> What to produce:
Copy out the listing in full, exactly as written, but not its pictures.

> Available data:
- - - -
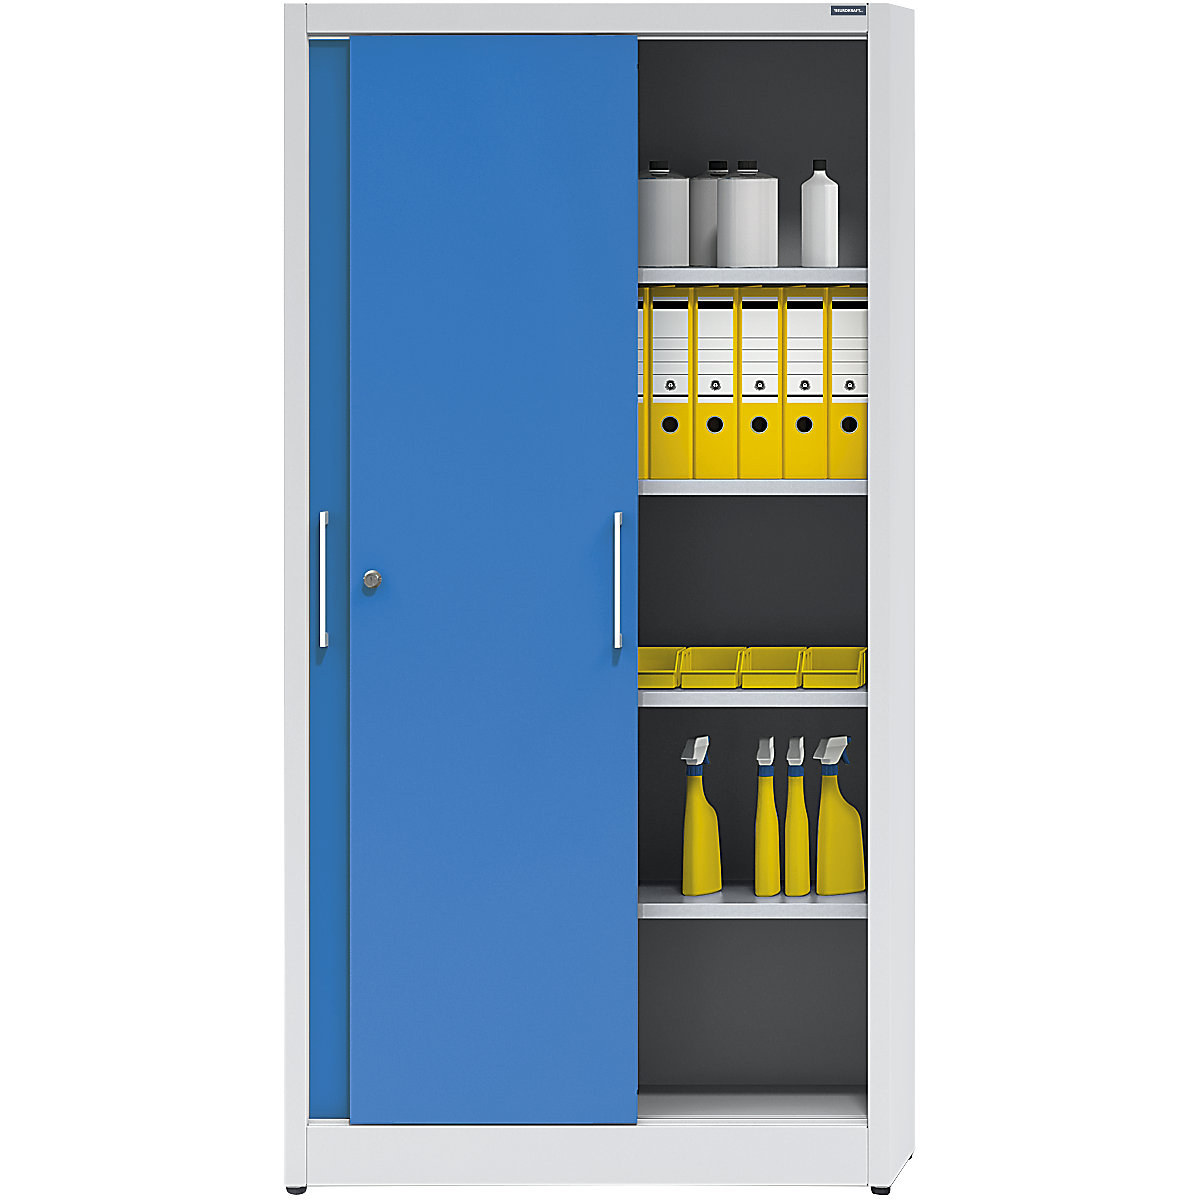 Sliding door cupboard, height 1950 mm – eurokraft pro, with 4 shelves, width 1000 mm, depth 500 mm, doors in light blue RAL 5012-6
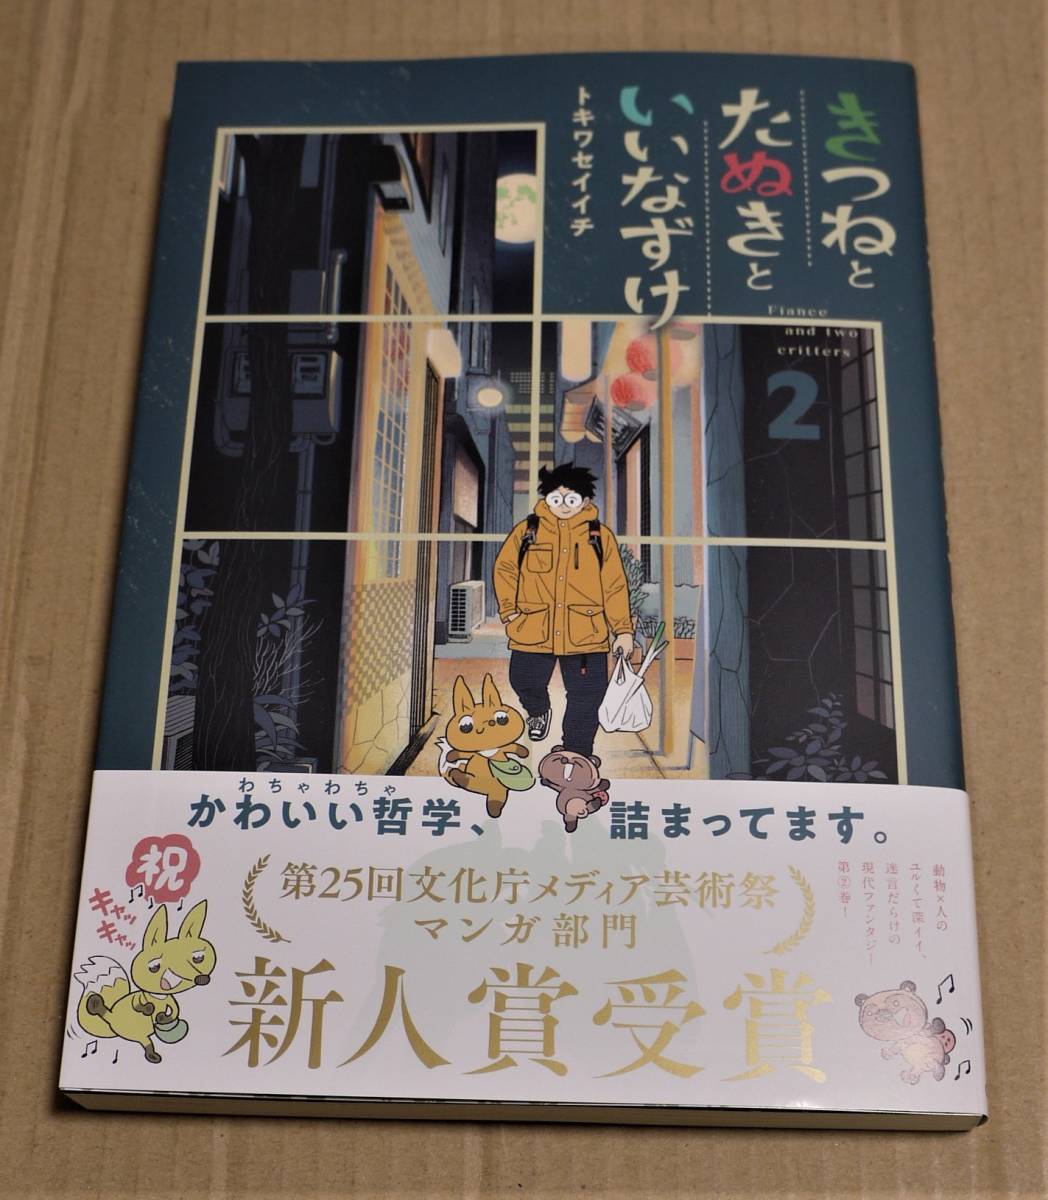 الرسوم التوضيحية والتوقيعات المرسومة باليد الثعلب, تانوكي والكلب, المجلد 2 (Tokiwaseichi) يتضمن الشحن Clickpost, كاريكاتير, سلع الانمي, لافتة, اللوحة المرسومة باليد
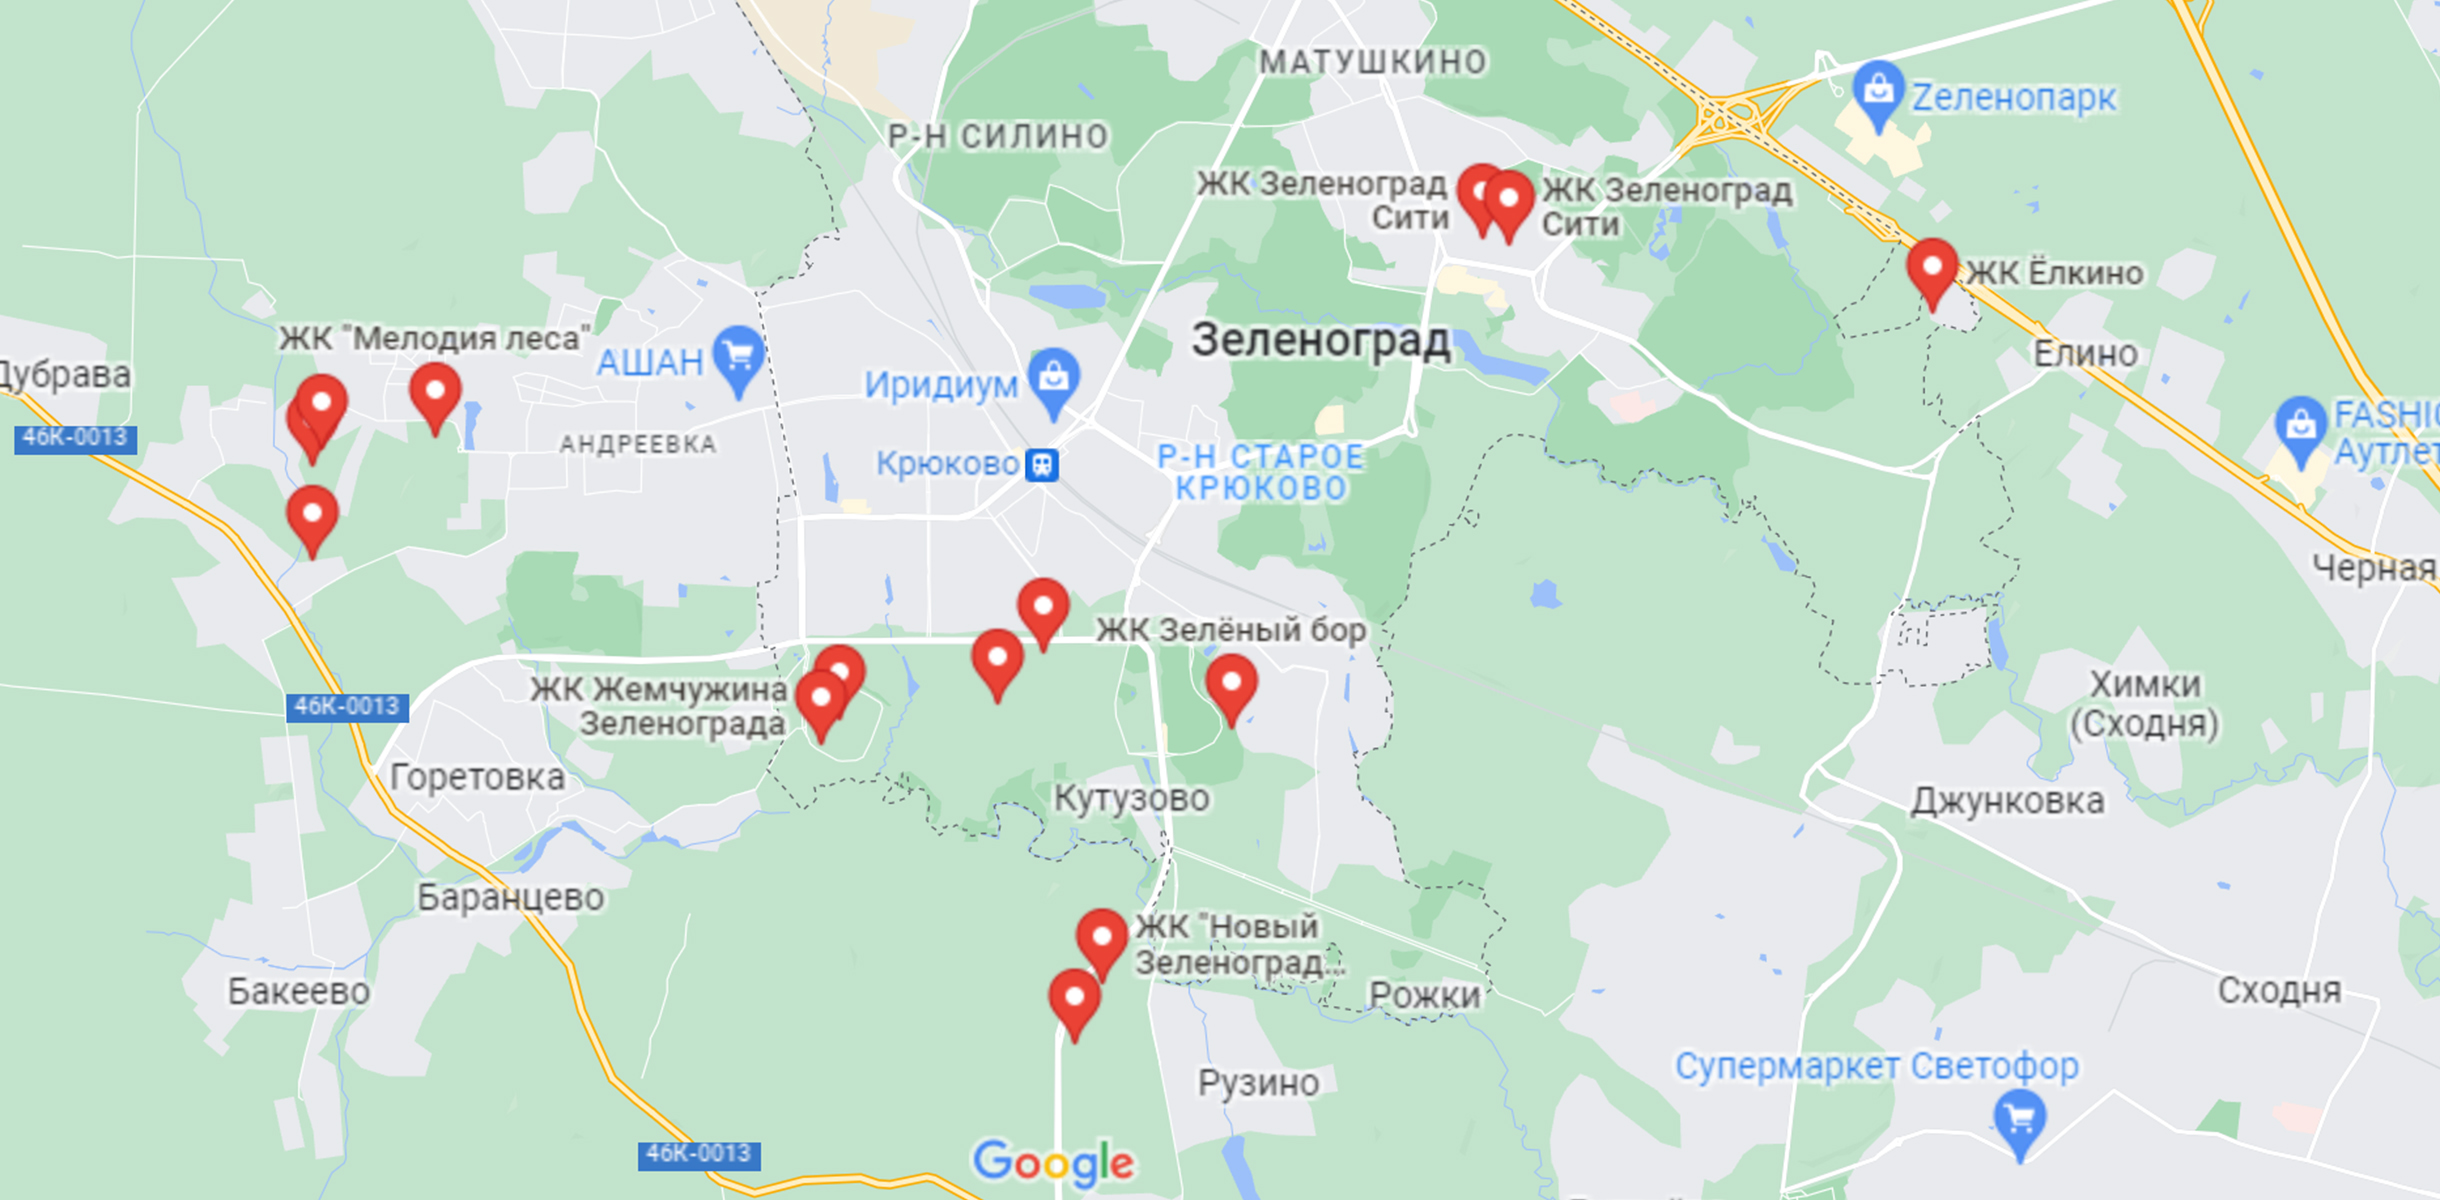 Новые ЖК на карте города. В целом они все похожи и состоят из типовых новостроек, я бы отнесла их к экономклассу. Источник: google.ru
- - - -
> Solution for this task:
 Sliding door cupboard, height 1950 mm – eurokraft pro, with 4 shelves, width 1000 mm, depth 500 mm, doors in light blue RAL 5012-6
 الرسوم التوضيحية والتوقيعات المرسومة باليد الثعلب, تانوكي والكلب, المجلد 2 (Tokiwaseichi) يتضمن الشحن Clickpost, كاريكاتير, سلع الانمي, لافتة, اللوحة المرسومة باليد
 Новые ЖК на карте города. В целом они все похожи и состоят из типовых новостроек, я бы отнесла их к экономклассу. Источник: google.ru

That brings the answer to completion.